Les résultats sont étonnamment optimistes. L'étude a révélé que dans près de 69 % des cas, les cultures de couverture créent un scénario « Gagnant-Gagnant ». Cela signifie que le sol stocke plus de carbone et que la culture suivante est plus abondante. C'est comme trouver un bordereau de dépôt magique qui augmente votre solde dans les deux comptes simultanément. Cependant, l'histoire n'est pas parfaite partout. Environ 16 % du temps, la culture de couverture aide le sol mais nuit légèrement au rendement de la culture (un « Compromis »), et dans environ 9 % des cas, c'est l'inverse. Dans un petit nombre de cas (5,7 %), les choses tournent mal pour les deux, entraînant un scénario « Perdant-Perdant ».
Les chercheurs ne se sont pas contentés de compter les victoires ; ils ont découvert la recette secrète pour garantir un scénario « Gagnant-Gagnant ». Il s'avère que le résultat dépend fortement de la manière dont vous gérez la culture de couverture, un peu comme on règle une radio pour obtenir le signal le plus clair. Ils ont établi quelques règles d'or :
- Ne pas trop en faire sur le vert : Il existe un seuil optimal pour la quantité de matière végétale (biomasse) que la culture de couverture doit produire. L'étude a montré que si la biomasse de la culture de couverture reste inférieure à 7,65 tonnes par hectare, la synergie est forte. Si elle devient trop épaisse, elle peut commencer à lutter avec la culture suivante pour l'eau et les nutriments, surtout dans les zones arides.

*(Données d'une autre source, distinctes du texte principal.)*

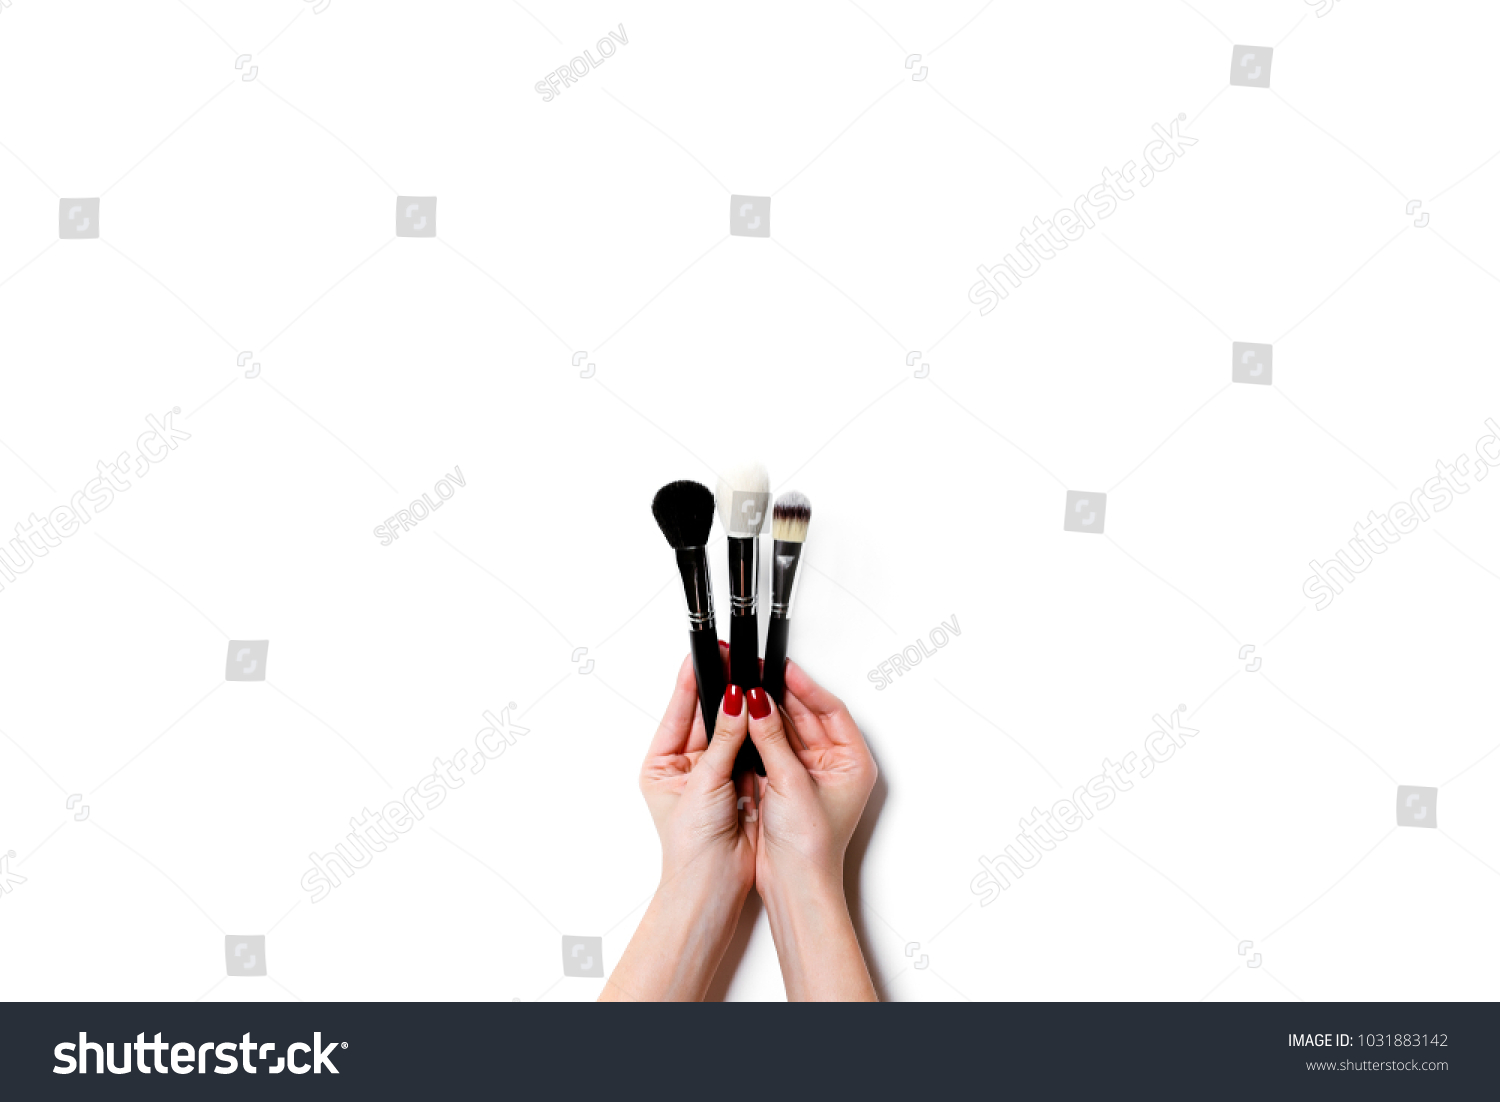 Female hand holding professional make-up brushe isolated on white background #1031883142

- Le temps est votre allié : Vous ne pouvez pas attendre un miracle du jour au lendemain. Les bénéfices commencent réellement à s'accumuler après que la culture de couverture a fait partie de la ferme pendant plus de 4 ans. C'est comme construire un compte d'épargne ; les intérêts se cumulent avec le temps.
- Choisissez la bonne équipe : Utiliser des cultures de couverture de type légumineuses (comme le trèfle ou la vesce) change la donne. Ces plantes sont des fixatrices naturelles d'azote, ce qui signifie qu'elles puisent les nutriments dans l'air et les déposent dans le sol, agissant comme un coup de pouce gratuit en fertilisant pour la culture suivante.

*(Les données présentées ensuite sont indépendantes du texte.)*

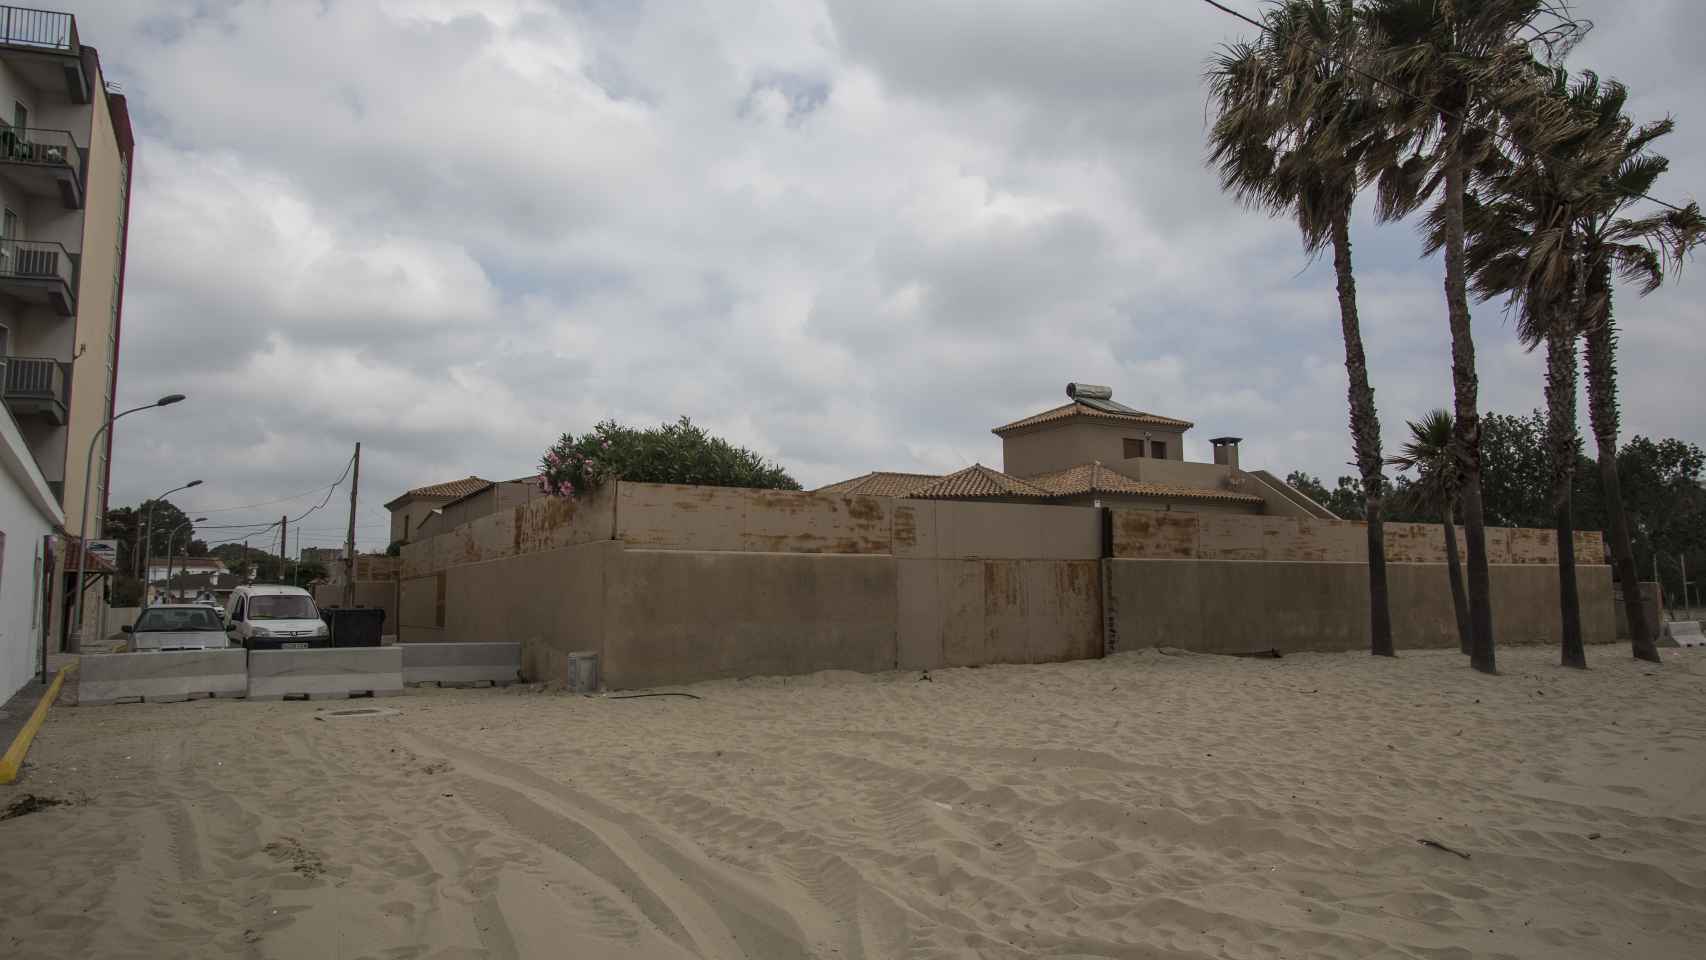 Chalet-fortaleza usada por los traficantes de droga como centro de operaciones. Está ubicada en la playa de Palmones.

- Soyez doux avec le sol : Utiliser le « semis direct » ou le « labour de conservation » (ce qui signifie perturber moins le sol) fonctionne bien mieux que le labour traditionnel. Cela maintient la structure du sol et retient l'humidité.
- Surveillez l'azote : Ajouter trop d'engrais chimiques peut en réalité nuire au partenariat. L'étude suggère que réduire les apports d'azote aide les cultures de couverture à mieux faire leur travail, en particulier les légumineuses.

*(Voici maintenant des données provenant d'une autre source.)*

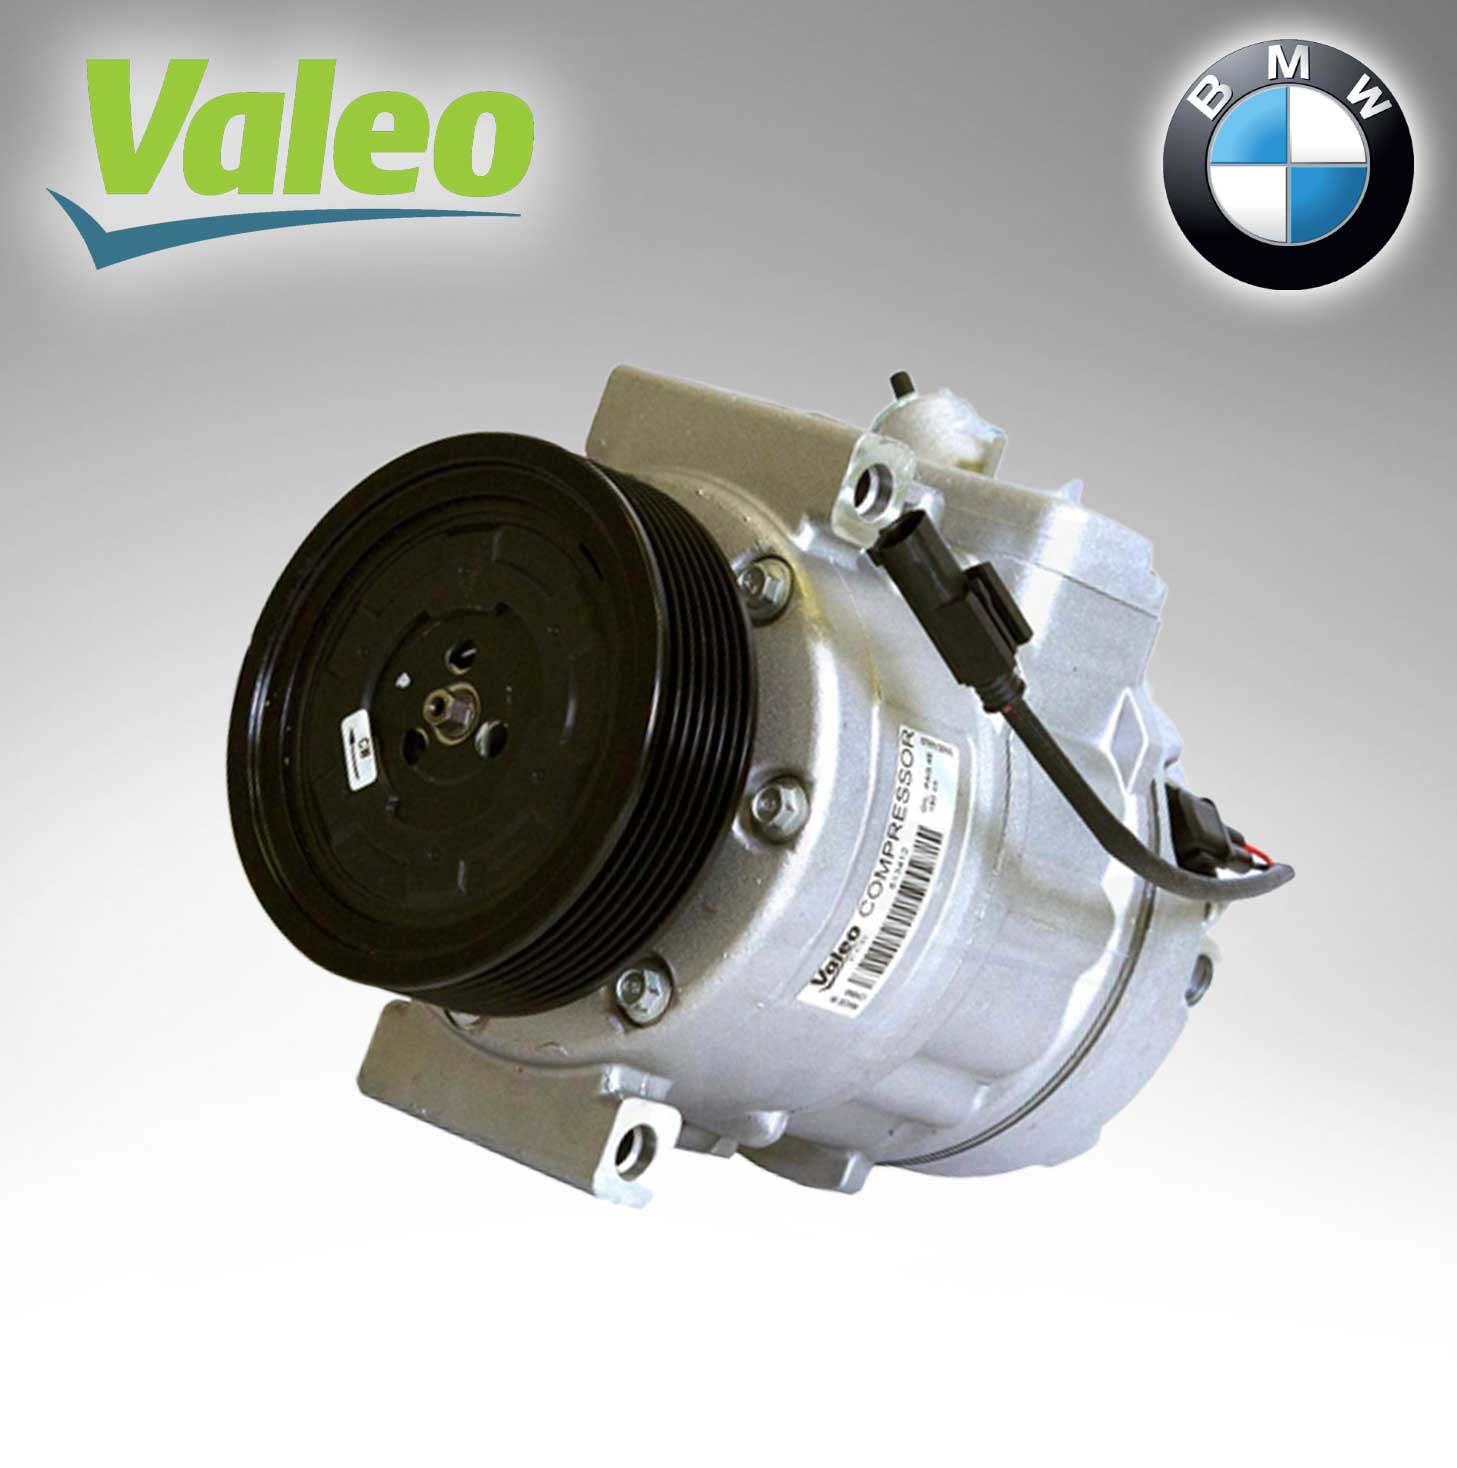 Valeo A/C COMPRESSOR (VAL-813412) For BMW 1/3 SERIES (E90) &Z4 64526956719

L'étude a également souligné que le lieu où vous cultivez importe. Dans les régions humides et tempérées, les cultures de couverture mènent presque toujours à un scénario « Gagnant-Gagnant » car il y a assez d'eau pour tout le monde. Mais dans les régions sèches et arides, les règles changent. Là, la culture de couverture doit être gérée avec soin pour éviter de voler l'eau de la culture principale. Si le sol est déjà sec, une culture de couverture qui devient trop imposante peut en fait assécher le sol avant la saison suivante.
En fin de compte, cette recherche suggère que la vieille peur de devoir choisir entre sécurité alimentaire et action climatique est peut-être obsolète. En suivant des stratégies spécifiques et adaptées au contexte — comme contrôler la biomasse, planter des légumineuses et être patient — le scénario « Gagnant-Gagnant » est le résultat le plus courant. Ce n'est pas une baguette magique qui fonctionne de la même manière partout, mais c'est une boîte à outils fiable qui peut aider les agriculteurs à nourrir le monde tout en soignant la planète, un champ à la fois.